徒留散發著幽幽光暈的那個水晶球,寂靜的飄浮著。
「Every world, will have its test; Every world, will haveits end…」
「Don’t blame this for what this world have become…」
在火光的包覆下、那逐漸崩毀的遺跡中,一個男人,渾身染血,他讓身體靠在牆柱上,吟唱著、悲嘆著…
「指揮官!」一個少女,滿面鮮血,從崩塌的瓦礫中轟然而出,看到攤坐在地的男子,連忙跑了上前。
「啊啊…可蘿嵐啊?過來,過來坐這裡…」而男子看到她,只是兩眼空洞的笑了笑,拍了拍自己身旁那還算完好的地板。
「指…指揮官?」
少女對男子這樣的反應有點不知所措,只是走進了幾步,沒有真的到男子身邊坐下。
兩人就這樣對望著,彷彿周遭的濃煙、和在火焰中逐漸瓦解的建築,都不存在似的。
而外邊隱約還可以聽到慘叫、怒號、炸裂、震波所交織成的共鳴曲。
名為戰爭的奏鳴曲。
「指揮官…對不起。」少女閉上了雙眼,憤恨的低下了頭,嘴邊呢喃著。眼角的淚珠混合著血滴,順著汙濁的臉頰流淌而下。
「啊啊...沒關係,我不怪妳…就算當時妳再怎麼選擇,總是會走到這一天的…」男子苦笑著,然後又咳出了幾口鮮血。
「噁喀…」
「指揮官!」少女見狀,失聲驚呼,連忙想上前把男子拉起。
而男子則是伸出了手,說著:「我這副身體已經不行了。倒是妳,可蘿嵐,我相信就算是這樣…」男子看了看四周,「妳也能夠逃出去的。」
「不要不要!我不要!」名為可羅嵐的少女大聲哭喊,劇烈的搖頭,然後衝上前,硬是想把男子從地上拉起。

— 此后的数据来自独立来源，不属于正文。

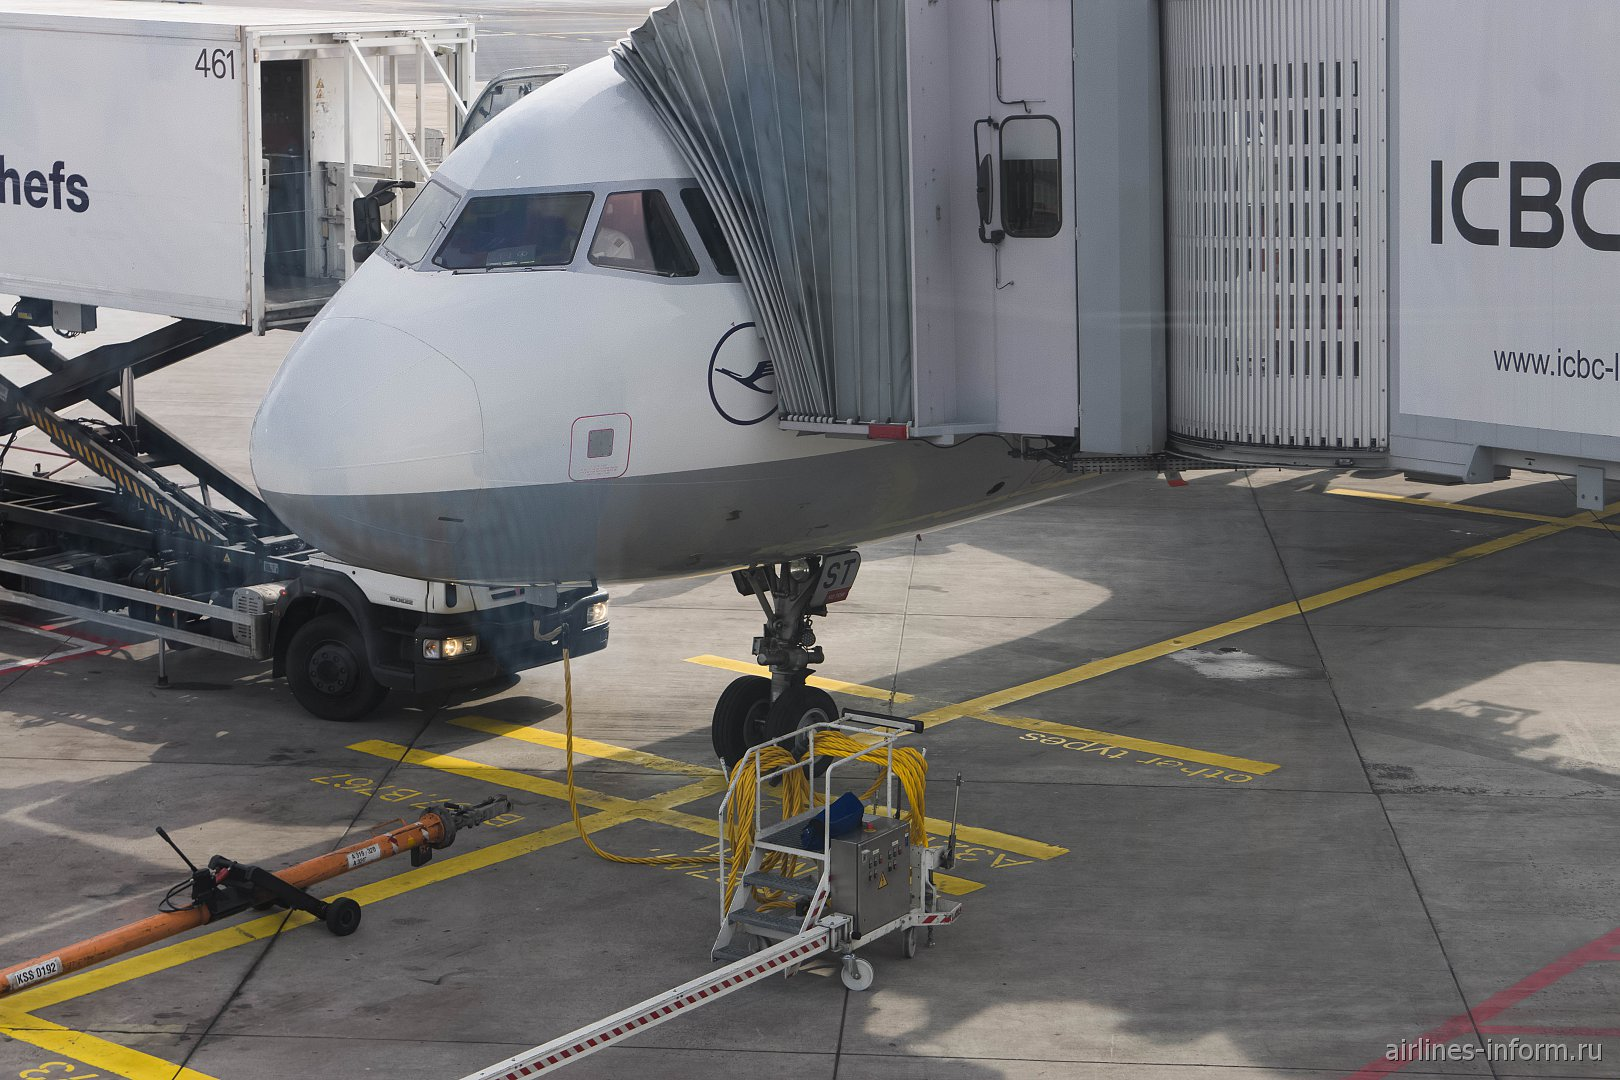 Nonstop you. Франкфурт - Москва LH1450 Lufthansa

豈知,男子卻如同生了根一般,紋風不動,少女手裡拉的重量如同千斤。
「指揮官!快點起來啊!」任憑少女怎麼施力,男子的身軀卻早已失去支撐,再也沒有站起身來的任何可能。
「可蘿嵐…」男子矇矓的眼神與呆滯的笑容讓自己的顏面轉正,向著少女說著:
「這是指揮官命令,妳,可蘿嵐,趕緊帶著其他人離開這裡,不準管我,知道嗎?」雖然虛弱,但是語氣當中殘留著的,是一絲僅存的威嚴。
「可是…指揮官…」少女的面頰早已經被淚水浸溼,她眼中的指揮官那垂死的身影在這浪淘之下早已模糊不清。
「聽話…這是命令。明白麼?」男子吃力的將手抬起,摸了摸少女的臉頰。
「乖喔…」少女回握著男子的手,私心與服從的抉擇在少女小小的內心當中,展開了異常激烈的爭執。
「可…可蘿嵐不要!絕對不要!」少女聲嘶力竭的哭喊,伴隨著的是拔山倒樹的蠻力,她硬是將男子扛了起來,背負在肩上。
「我們...我們一定會治好指揮官你的,所以…拜託你…要撐住…」
少女不知道,她悲痛的耳語,已經無法傳達到男子的意識當中。
而男子的意識在彌留之際,他竟發覺自己的神智格外清晰,他身處在一個白淨無暇的空間當中,但是整個空間因為太過純白,反而有種令人不寒而慄的異樣感。
這裡是天堂?還是地獄?男子不禁想著。
「唷,朋友。」這時,男子的背後傳來了一聲呼喊,轉過身去,看到的是一個全身黑袍戴著兜帽、手持巨大鐮刀的人影向自己渡步而來。死神終於要來收割我這份性命了麼?男子心想。
面對化為真實形體,逐漸往自己迫近的死亡,男子一臉坦然,他並不恐懼,而是有種救贖將至的感受。
黑袍人影將鐮刀舉起,輕輕的越過男子,讓後往回收,讓刀刃停在男子的後頸。
「我看你似乎不怎麼抗拒,看開了?」死神歪著頭,帶著笑意調侃著,兜帽底下不知是怎樣的表情。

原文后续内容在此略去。